Michael stopped in front of a building without any signage—a run-down vision of cracked stone and peeling paint—and parked in front of it.
“Wait here,” he said. “I’ll be right back.”
Ali parked immediately behind them and
took up a stance near the doorway just a few feet from Jensen so he could apparently see both Michael and her.
Jensen watched the street in surprise. “Where do all of these nice cars come from? This looks like such a dirt-poor town.” She didn’t expect Ali to either understand what she was saying or respond.
“They’re trucked or flown in.”
She looked at him in surprise but didn’t remark. The man’s English was flawless. “Flown?”
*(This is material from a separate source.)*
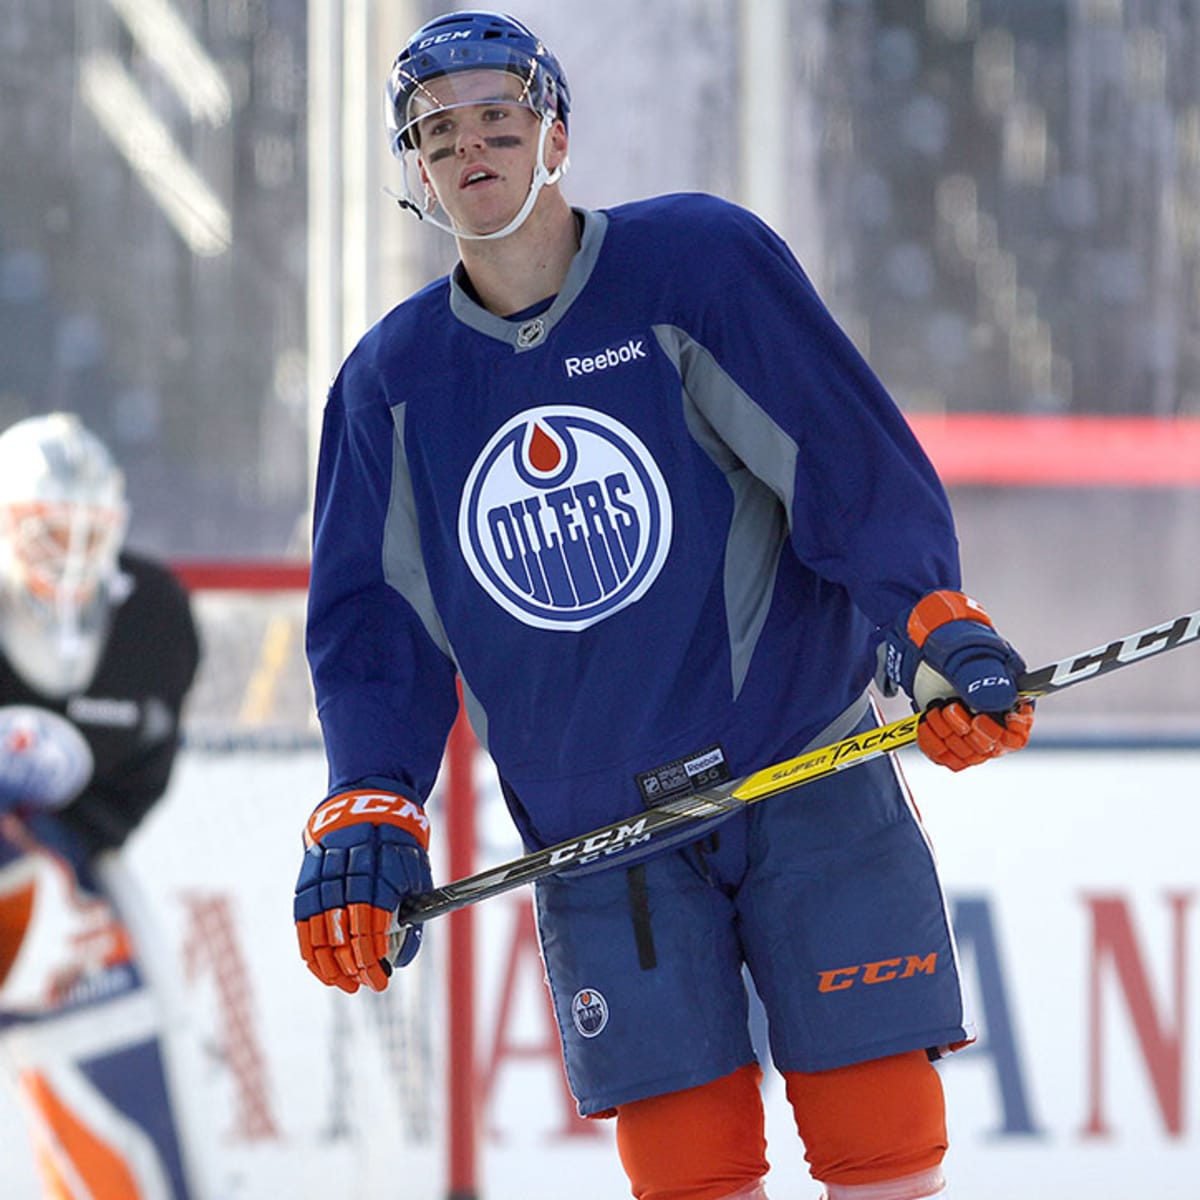 Connor McDavid Edmonton Oilers NHL Reebok Youth Blue Replica Hockey Jersey  (Youth Large/X-Large)
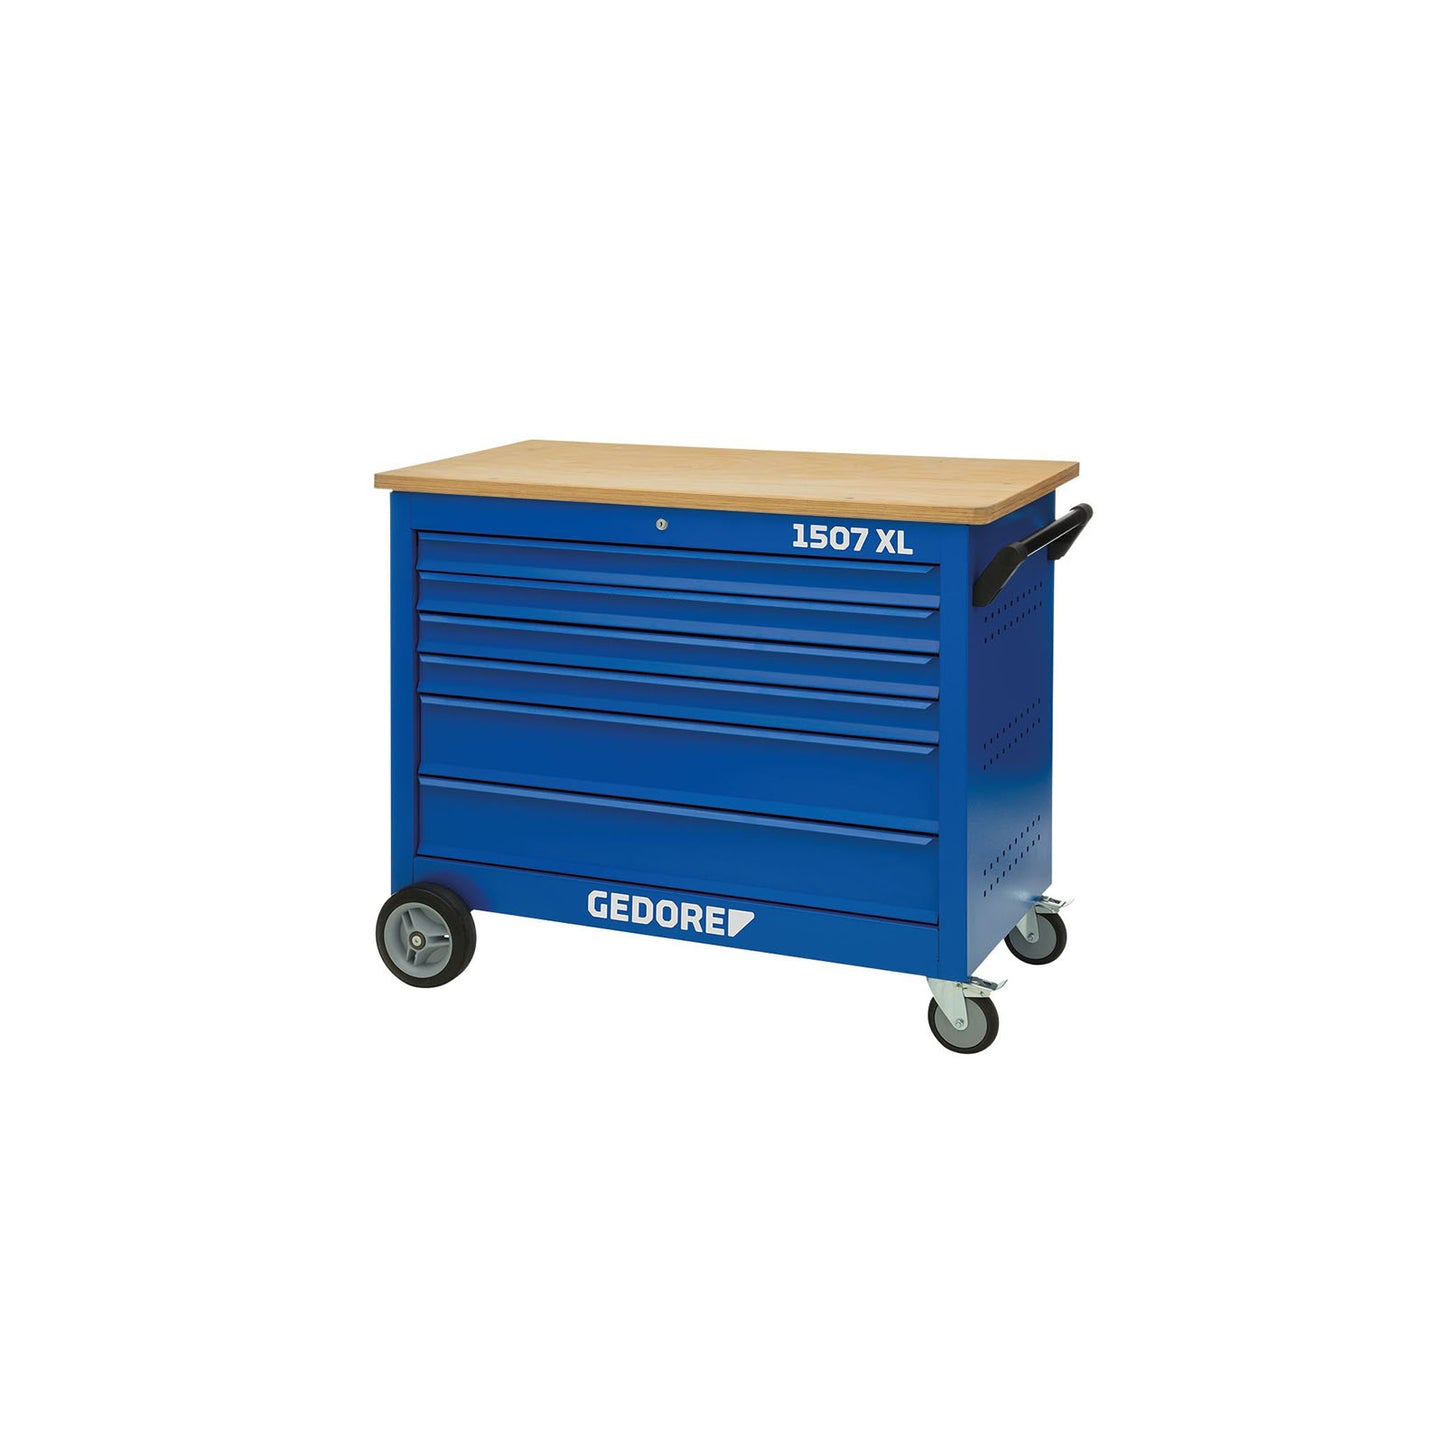 GEDORE 1507 XL 40200 - XL workbench 6 drawers (3127796)

“There’s a small airstrip nearby that belongs to the sheik of Adjani. He allows it to be used occasionally, for a hefty fee, of course.”
“Who owns all these cars?”
“Criminals. And, of course, buyers who have come for the white slave auction.”
Just the thought of something like that made her stomach knot. “How often do they have these auctions?”
“Twice a year. It’s always a big event. People come from around the world.”
Michael walked out the door and climbed into the car.
“Where are we going?” asked Jensen.
“I’ve arranged for us to rent a place on the edge of town.”
“Why can’t we just stay at a hotel?”
“There’s only one, and it’s no place for a lady.”
“I don’t care about that.”
“Do you like bugs?”
“No.”
“And I think we already know how you feel about snakes.”
“I’d say you’d had an indication, yes.”
“And thieves in the night?”
“Oh, well, thieves,” she said dryly. “They’re better than snakes.”
Michael tossed her a look. “Trust my judgment on this. We won’t be in the lap of luxury, but I’ve rented a decent place where you’ll be safe from harm.”
“How is that going to help us find my brother?”
“It neither helps nor hinders us, Jensen.” Michael suddenly reached over and squeezed her hand. “If Henry is here, we’ll find him. I promise you this.”
Jensen nodded. She believed him completely. Michael would never promise anything he couldn’t back up.
They traveled less than a mile to a small beige house set on a small beige hill.
Michael parked in front with Ali right behind him. While Michael unloaded some things from the car, Ali went inside and looked around, came back out and nodded his head, giving them, apparently, the all clear.